Your assignment: A picture-free, exact reproduction of the listing that follows is required.

*** Opening Data provided ***

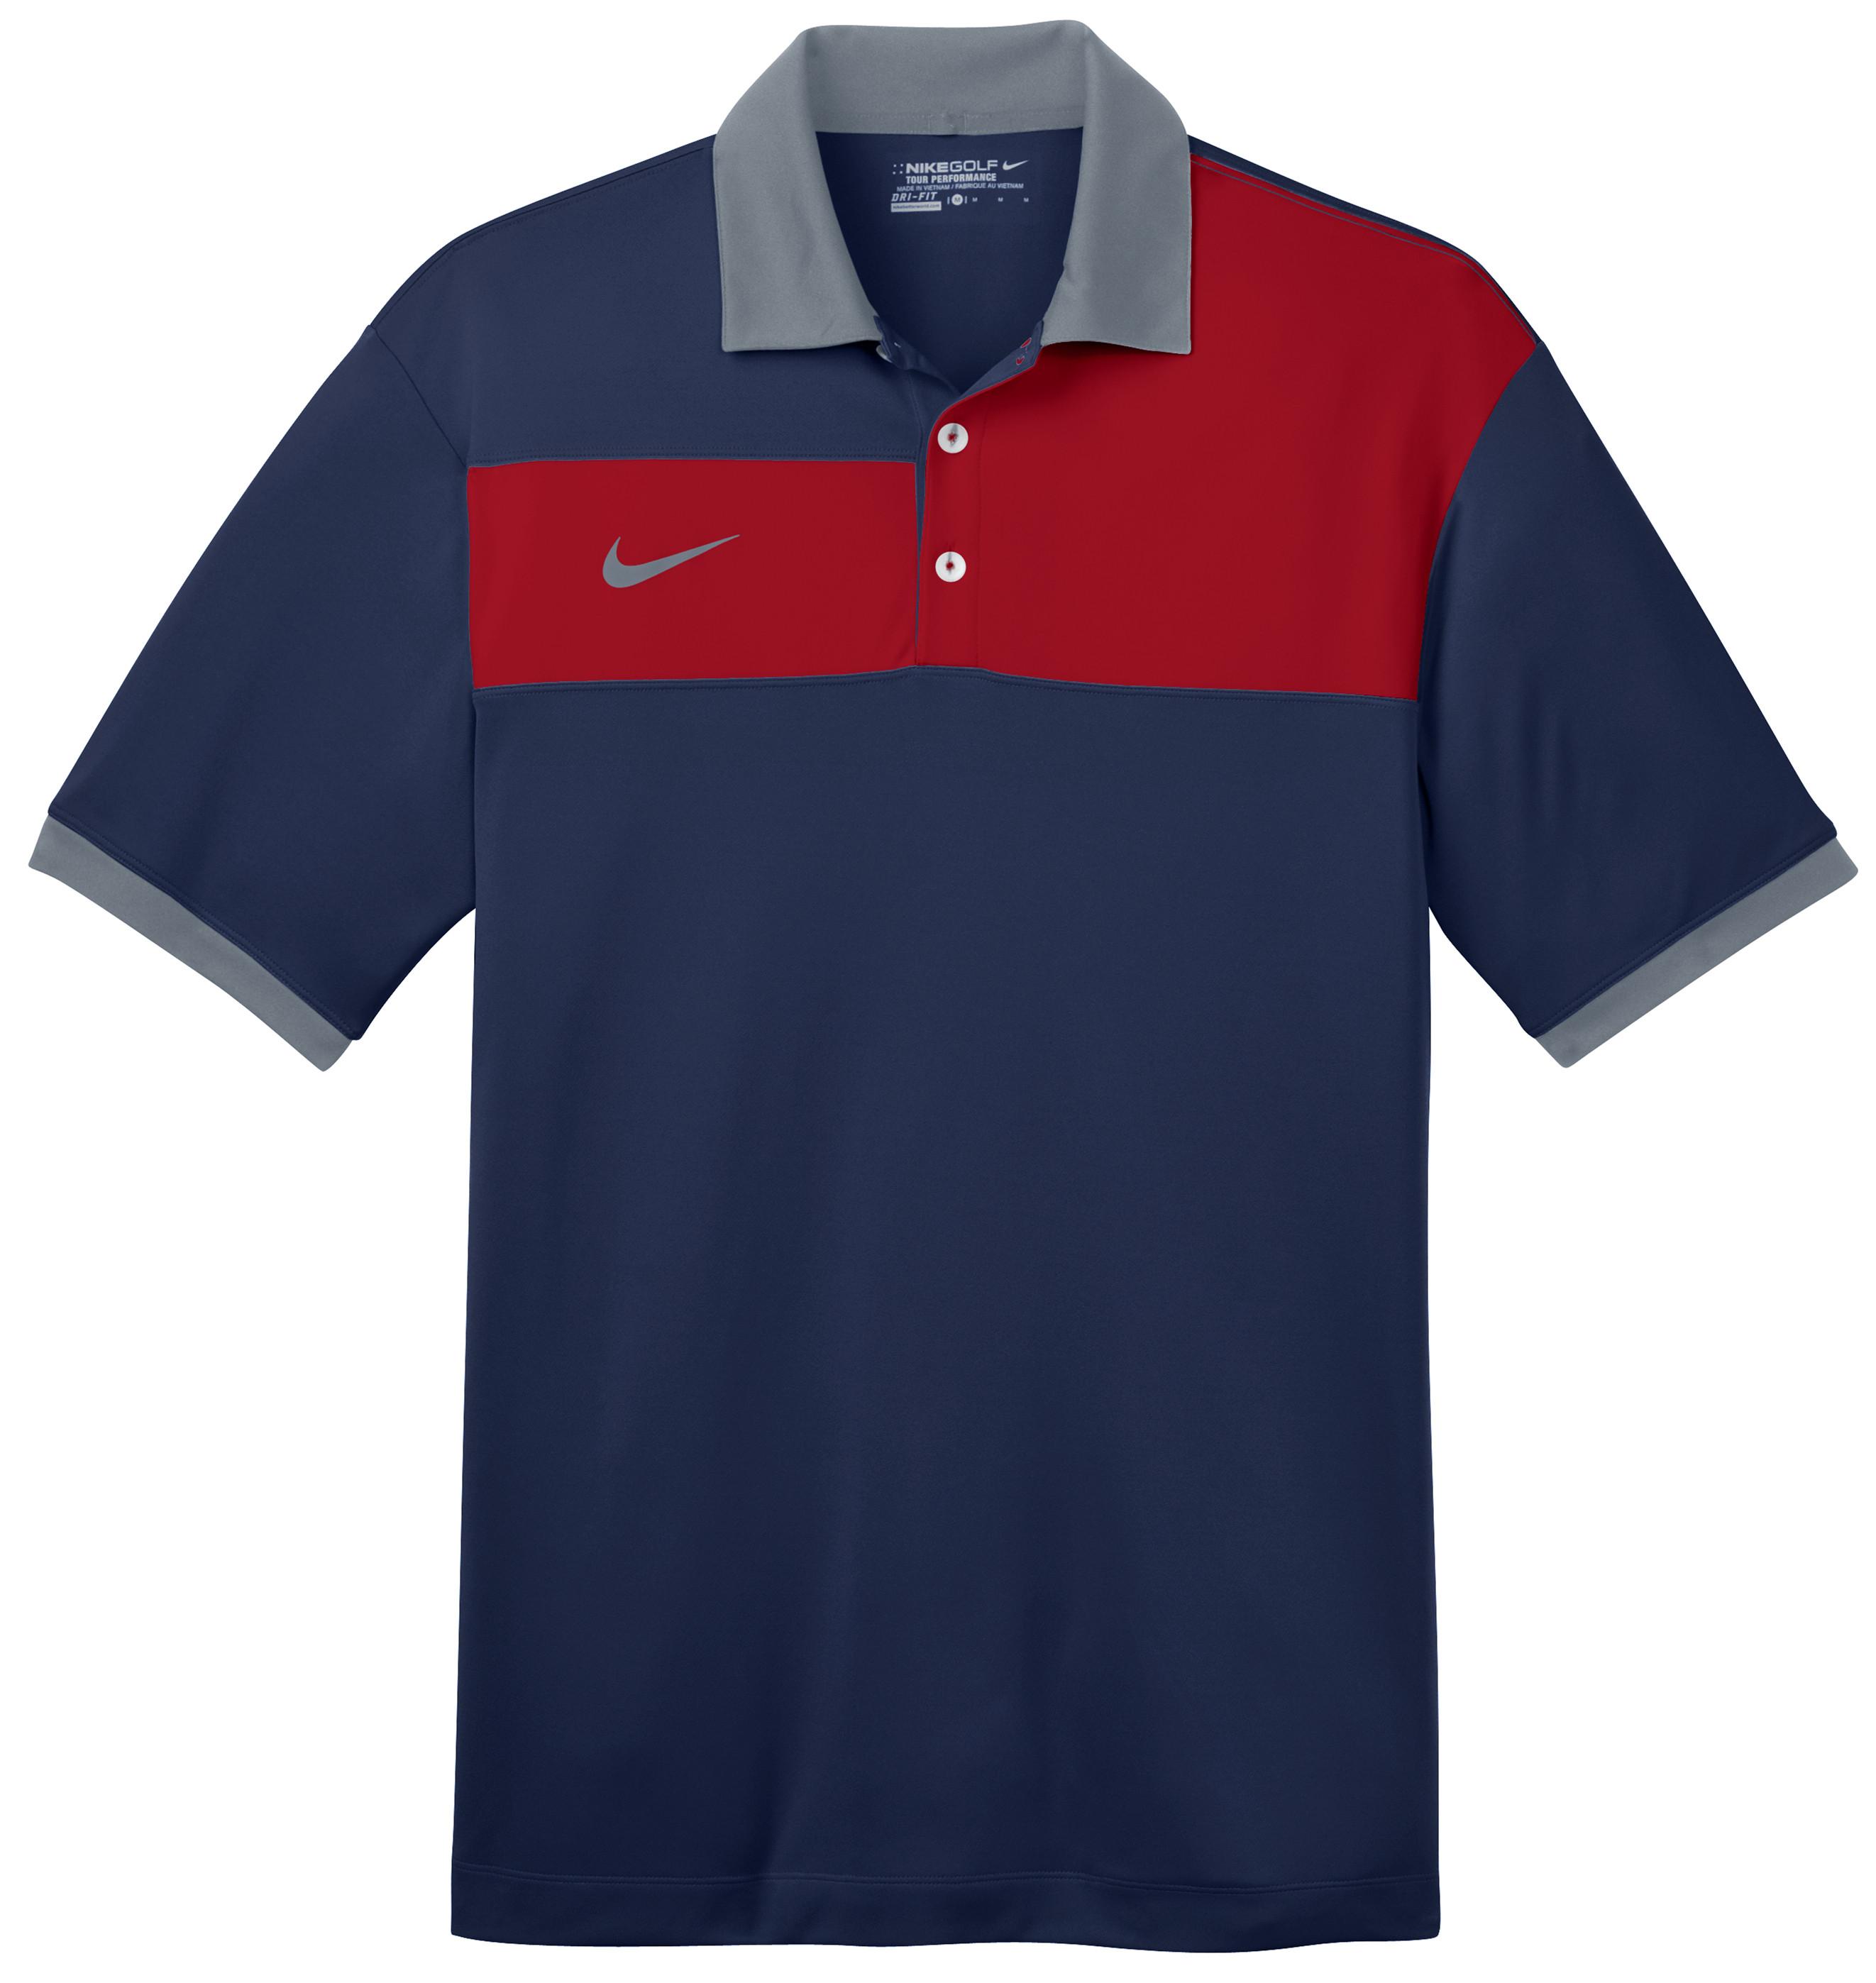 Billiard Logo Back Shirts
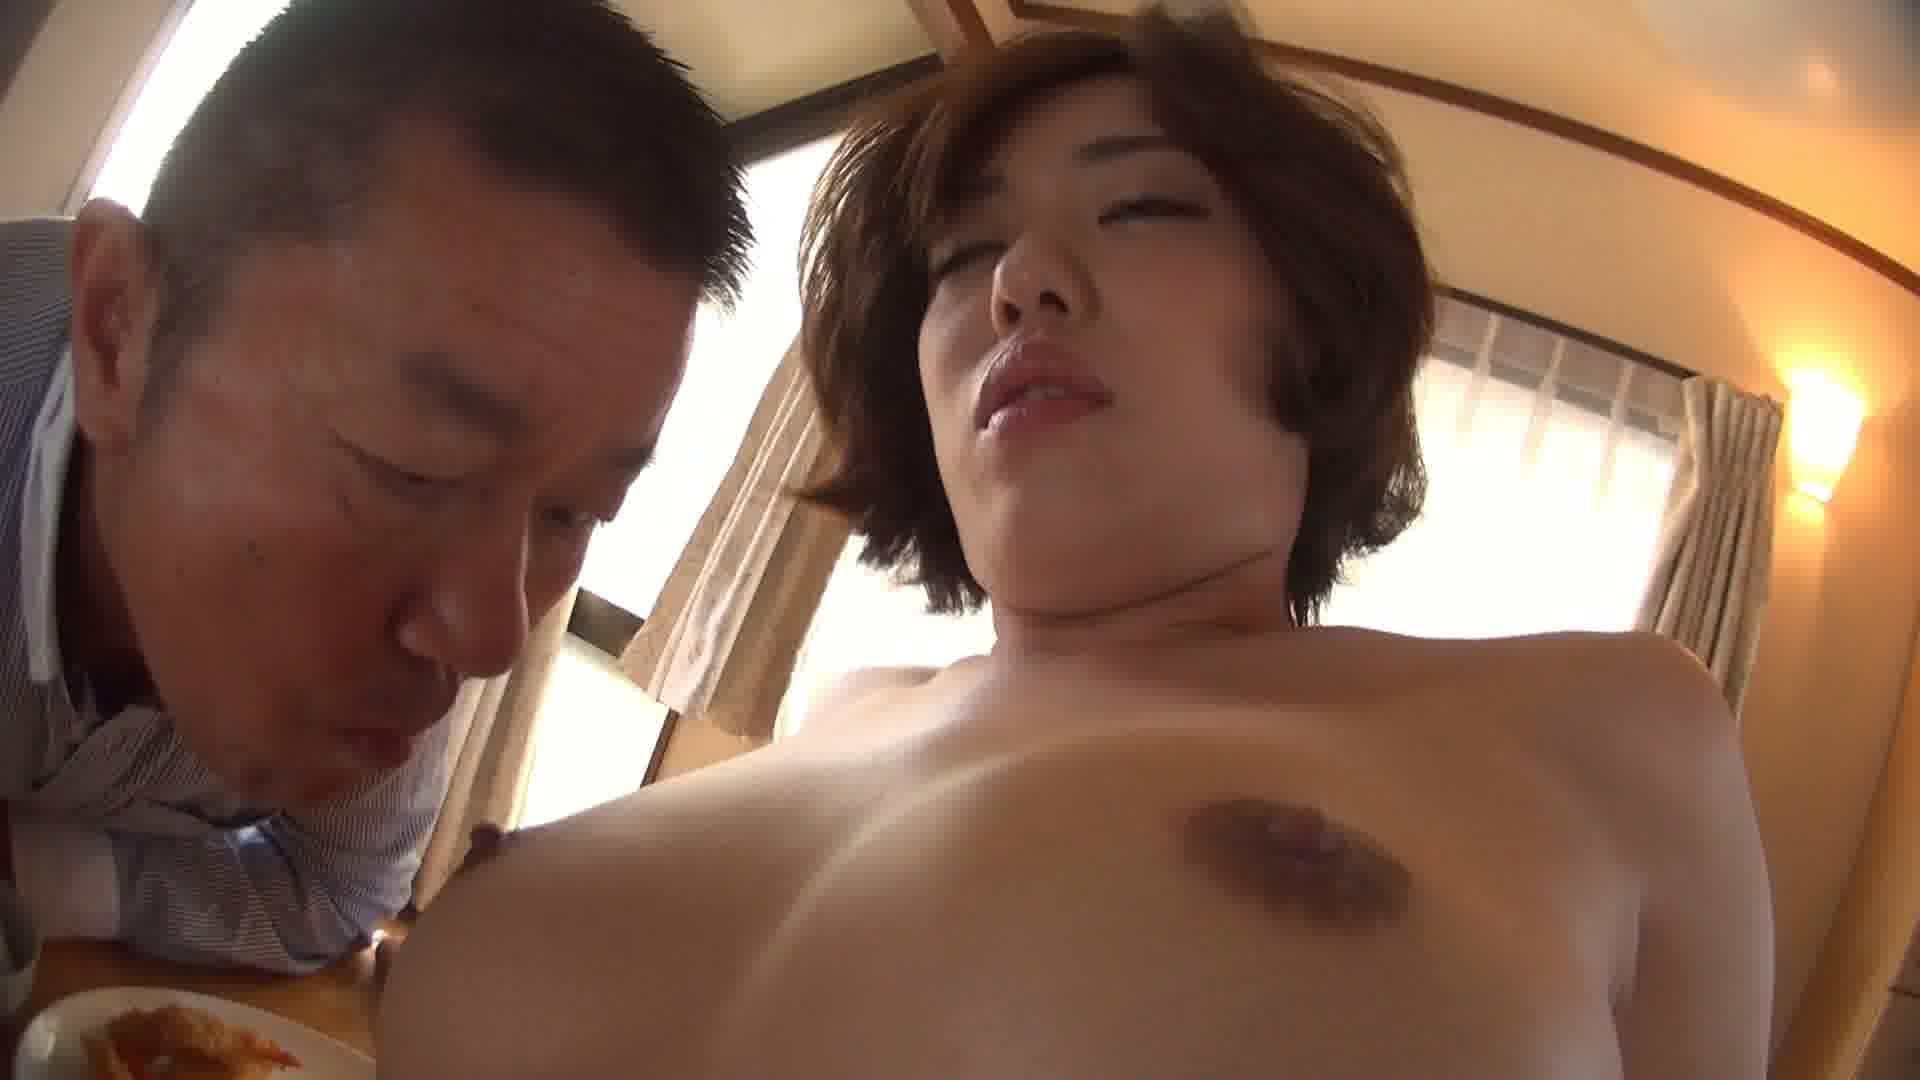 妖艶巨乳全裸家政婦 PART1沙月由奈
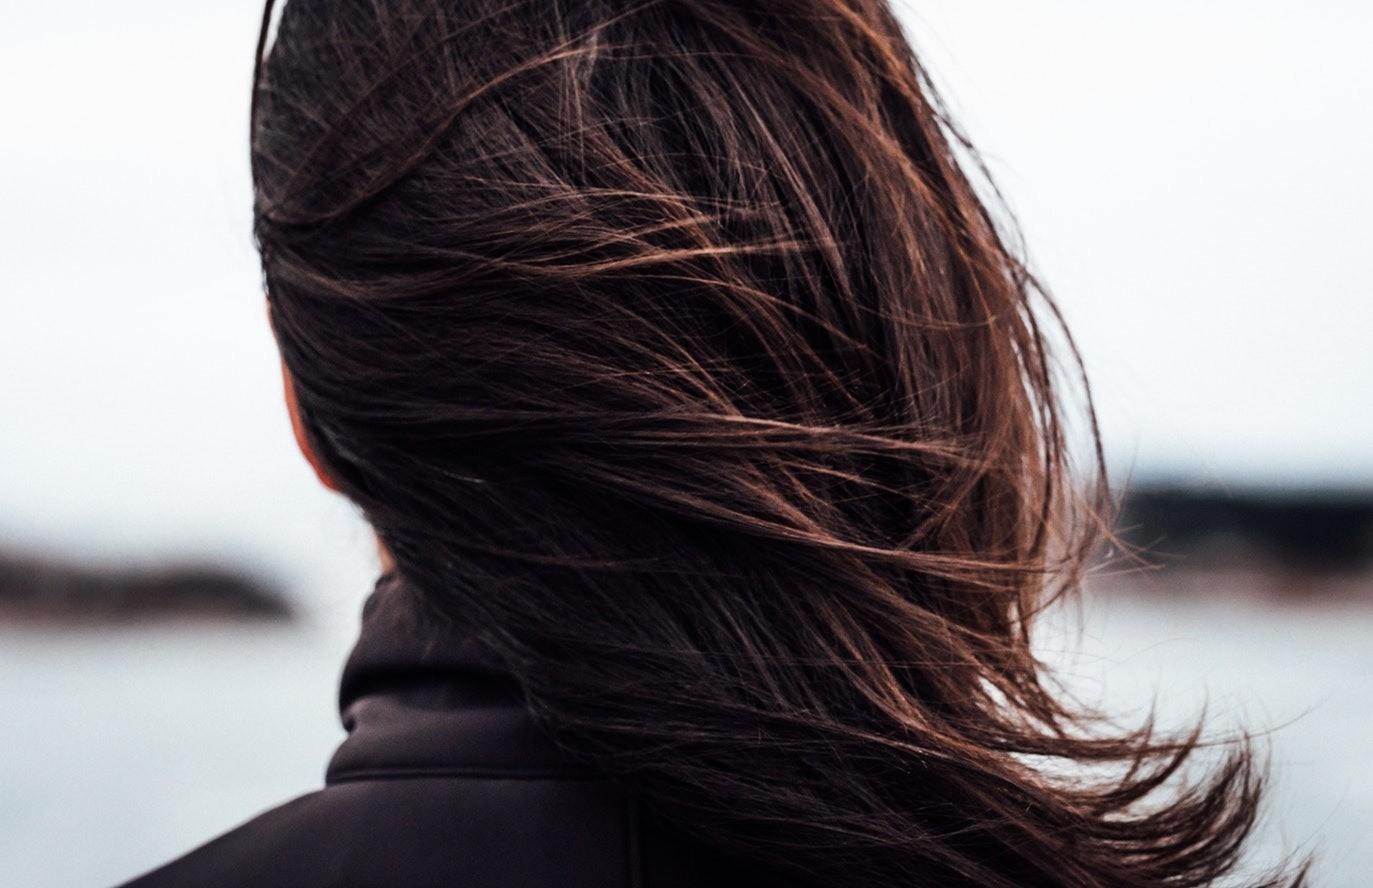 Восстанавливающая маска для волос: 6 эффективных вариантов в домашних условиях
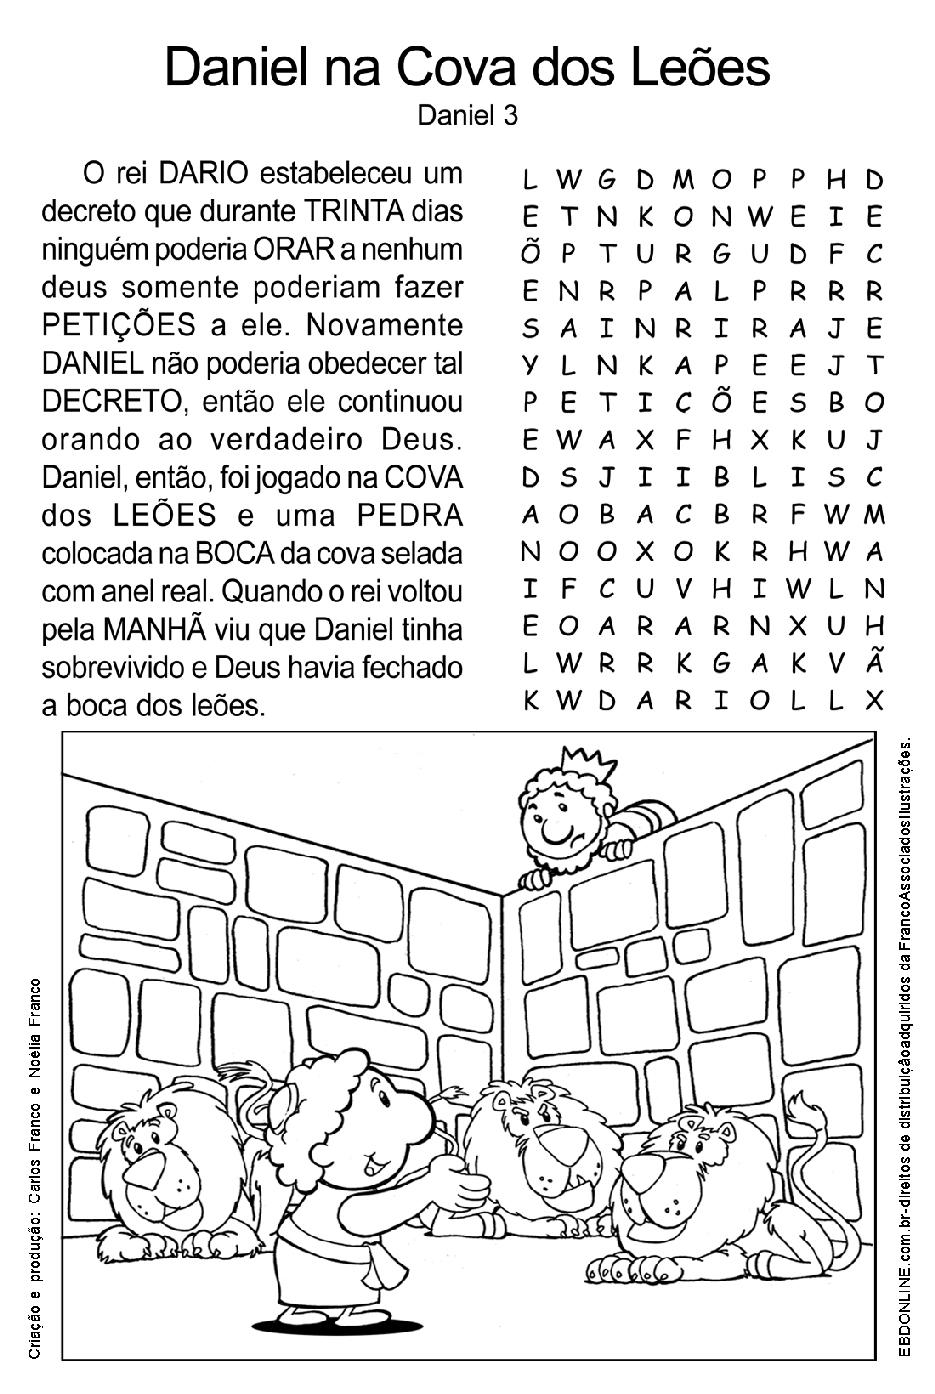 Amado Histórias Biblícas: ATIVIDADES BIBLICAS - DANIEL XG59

*** Closing Data provided ***

Reply to the task:
 Billiard Logo Back Shirts
 妖艶巨乳全裸家政婦 PART1沙月由奈
 Восстанавливающая маска для волос: 6 эффективных вариантов в домашних условиях
 Amado Histórias Biblícas: ATIVIDADES BIBLICAS - DANIEL XG59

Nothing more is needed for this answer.